Dans l'intervalle, les maires de la Rive-Sud ont réclamé hier que le gouvernement fédéral «passe à l'action» pour améliorer les conditions de circulation dans cet axe.

Le maire de Longueuil, Claude Gladu, a ainsi réclamé un train léger qui emprunterait l'estacade du pont Champlain. Cette infrastructure, construite à 300 m en amont, sert à protéger les piliers du pont de l'assaut des glaces au printemps et à prévenir l'érosion des îles Notre-Dame et Sainte-Hélène.

M. Gladu a clairement indiqué que ses administrés ne souhaitent pas de mesures temporaires ou transitoires.

«Ça fait 30 ans que nous vivons avec du temporaire, s'est-il exclamé hier. La voie réservée aux autobus sur le pont Champlain a été établie en 1978, en attendant des projets qui ne sont jamais venus.»

Pour sa part, le maire de Brossard, Jean-Marc Pelletier, a d'abord demandé aux autorités fédérales «de publier les études citées par Radio-Canada afin que le public soit rassuré sur l'état de l'infrastructure».

Il estime toutefois que, à long terme, il serait nécessaire d'augmenter le nombre de voies de circulation entre Montréal et la Rive-Sud. Aucune infrastructure routière majeure n'a été construite entre les rives du Saint-Laurent depuis 40 ans, et les problèmes de mobilité y sont devenus des freins au développement de la Rive-Sud, croit-il.

M. Pelletier estime donc que la construction d'un tunnel «bimode», avec des voies réservées aux transports en commun, devrait être préconisée à long terme dans l'axe du pont Champlain.

Le pont en bref

Chronologie

1955: Le gouvernement fédéral décide de construire un quatrième pont entre Montréal et la Rive-Sud.

1958: Le «pont de l'Île-des-Soeurs» devient le pont Champlain, en hommage au fondateur de la ville de Québec.

1962: Inauguration du pont Champlain le 28 juin. Le pont est à péage.

1967: Inauguration de l'autoroute Bonaventure, voie d'accès au pont Champlain.

1990: Abolition du péage, le dernier en vigueur au Québec, le 4 mai.

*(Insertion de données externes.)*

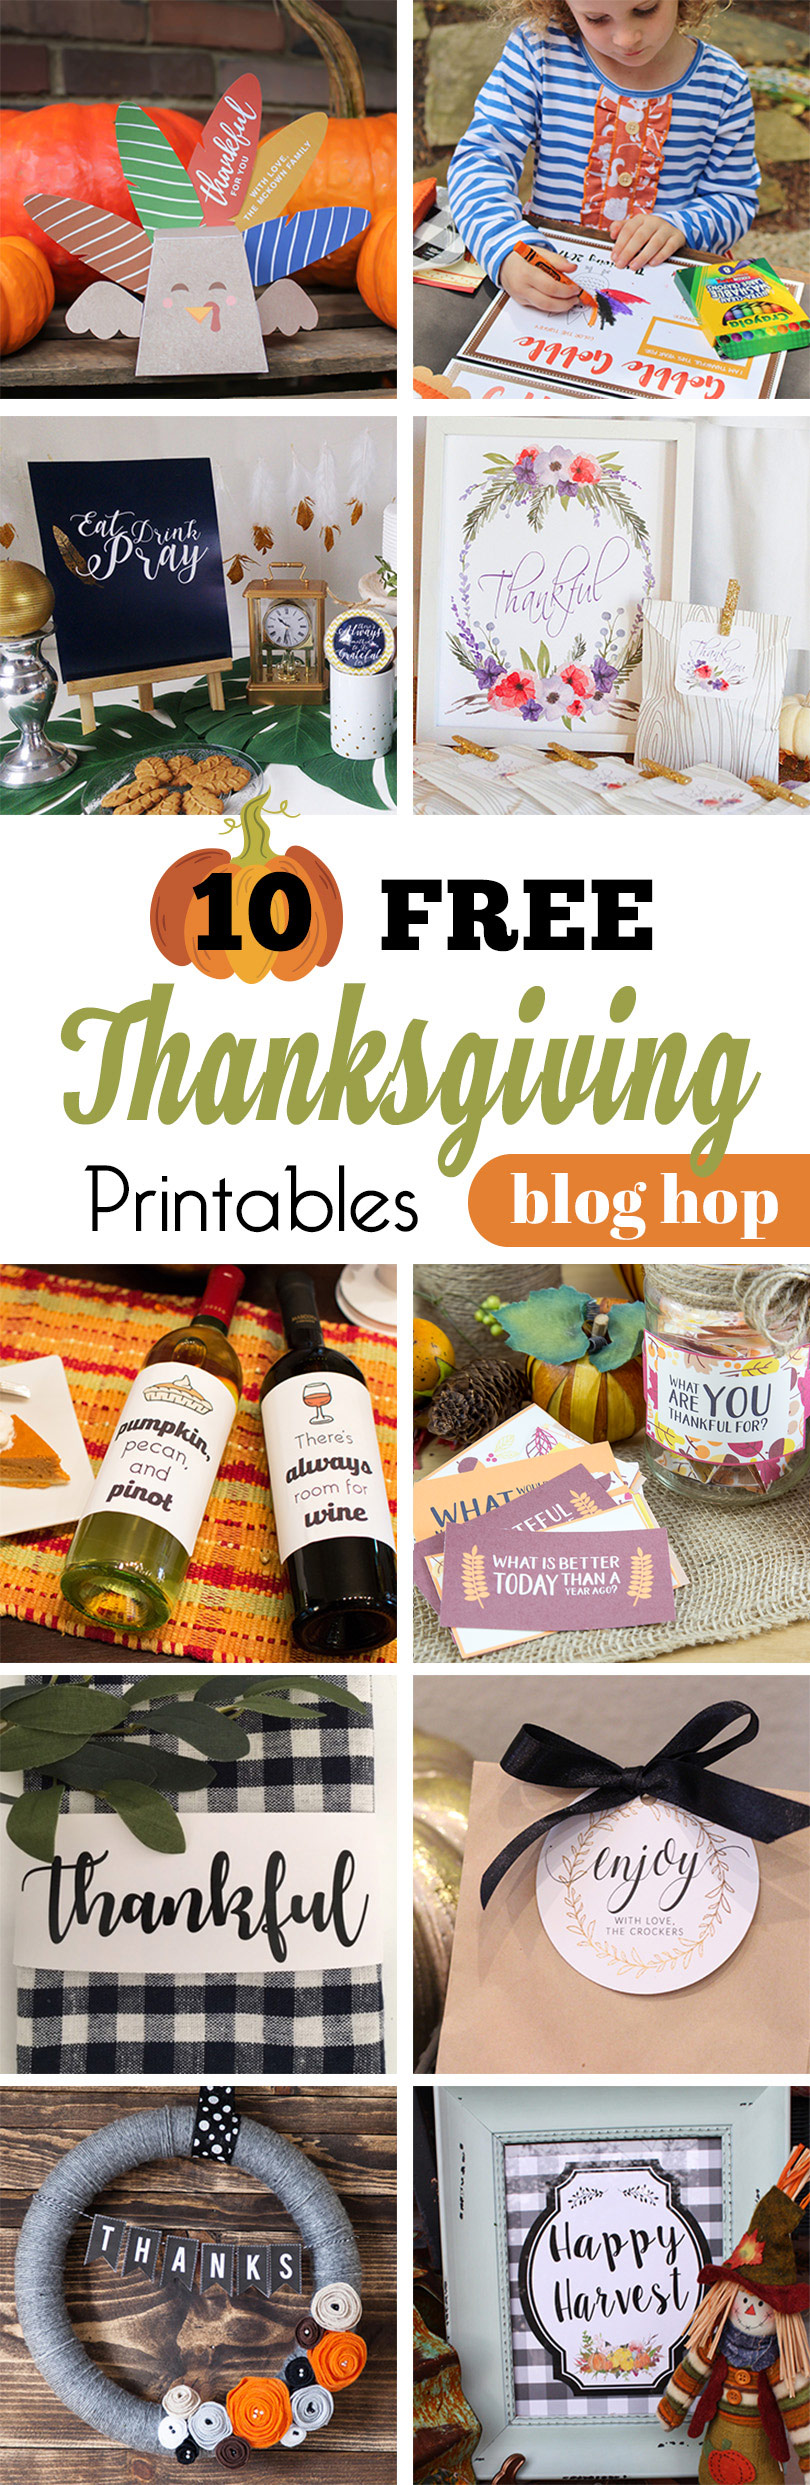 10 FREE Thanksgiving Printables Blog Hop! 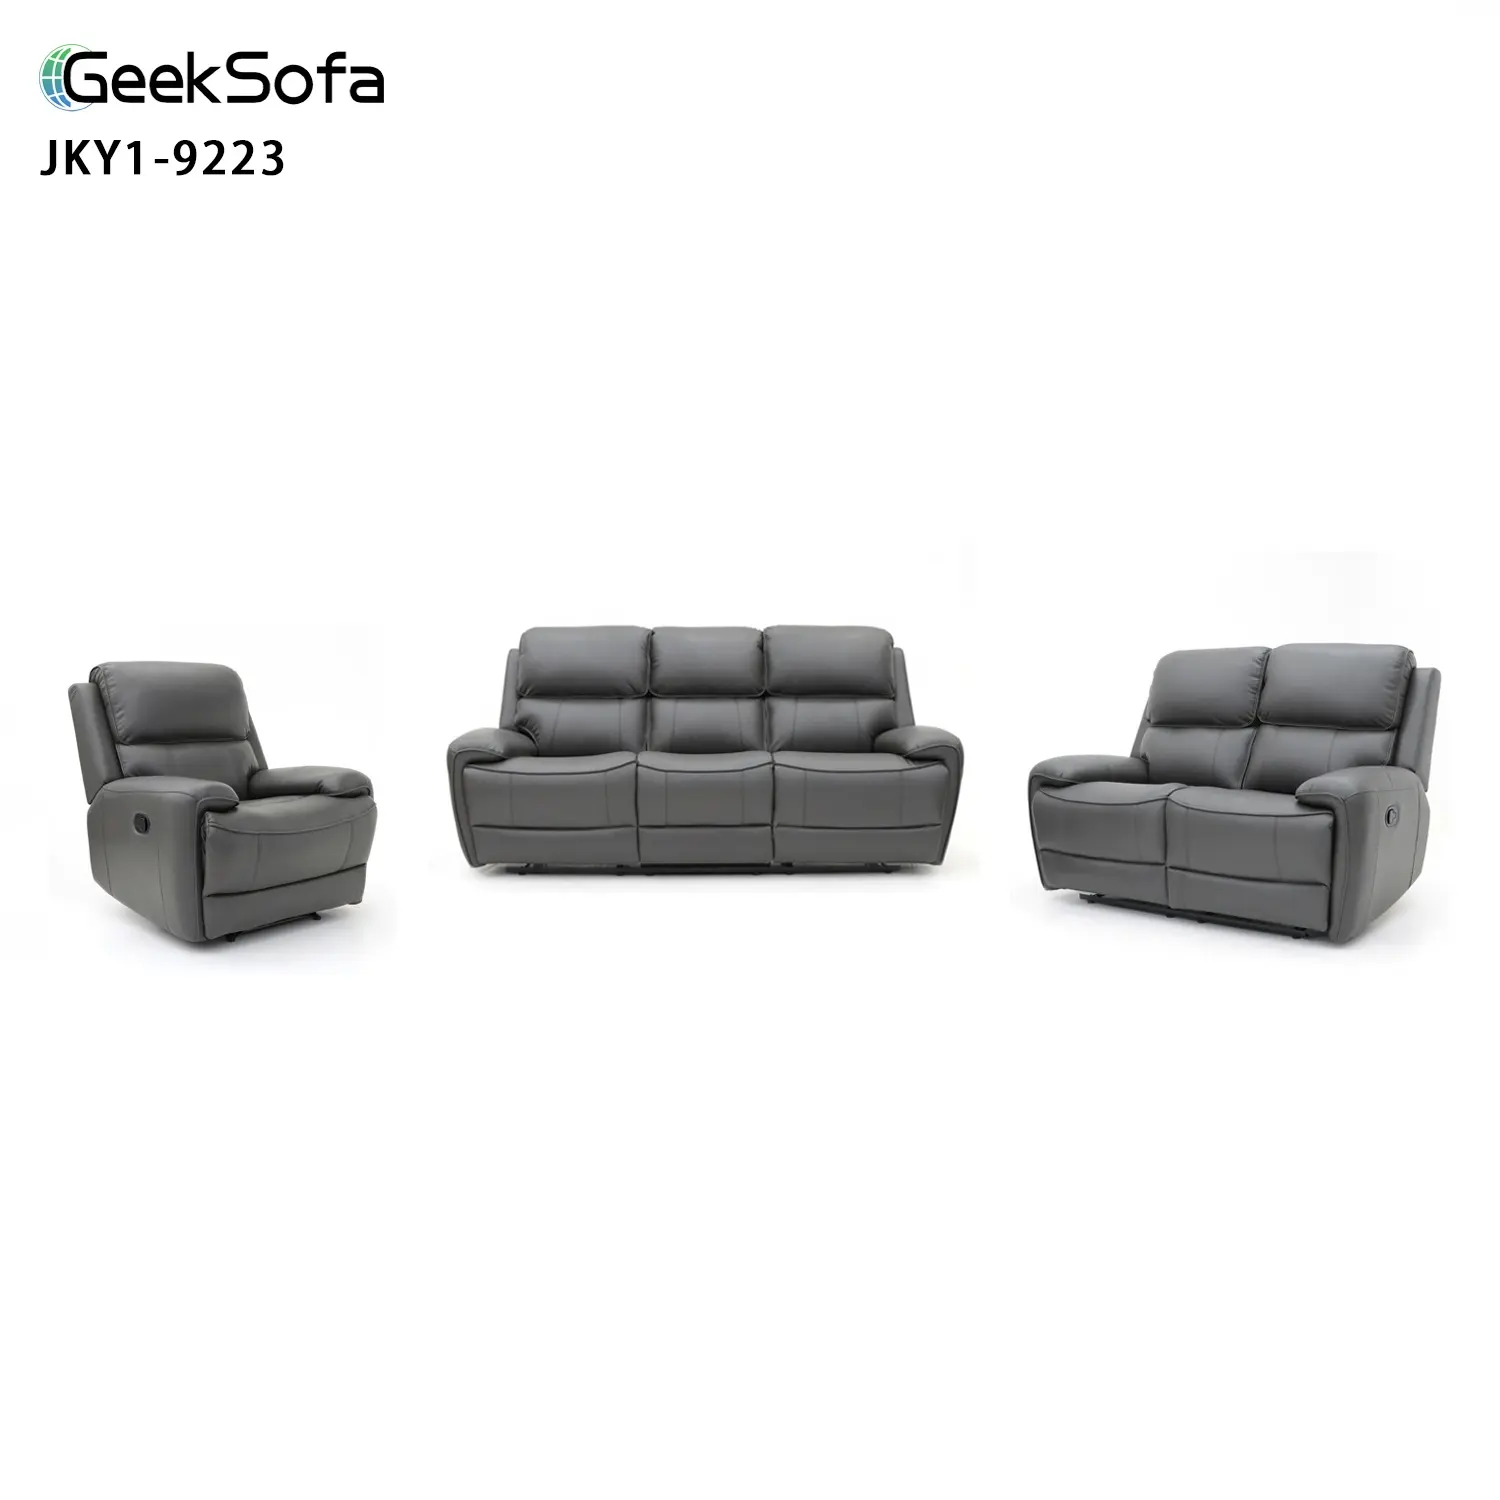 Geeksofa المصنع الجملة 3+2+1 الحديثة هواء جلد دليل الحركة كرسي الاستلقاء مجموعة لغرفة المعيشة الأثاث

1993: Fin de la reconstruction du tablier, entreprise en 1990.

Données techniques

Nombre de voies: Trois dans chaque sens, séparées par un terre-plein.

Longueur: 3,9km sans les approches, ou 7,4km avec les approches.

Hauteur libre: 36,6m (120 pieds) au-dessus de la Voie maritime.

Coût original: 35 millions de dollars (approches incluses).

Coût estimé d'un nouveau pont: 1,4 milliard.

Transports collectifs

> Voie réservée aux transports en commun matin et soir, utilisée par 400 autobus par jour.

> Infrastructure non permanente.

> Entre 16 000 et 19 000 passagers par jour.

Circulation

> 58,2 millions de véhicules par année, dont environ 5 millions de camions (rapport annuel 2006-2007).

> Environ 160 000 véhicules par jour, en moyenne.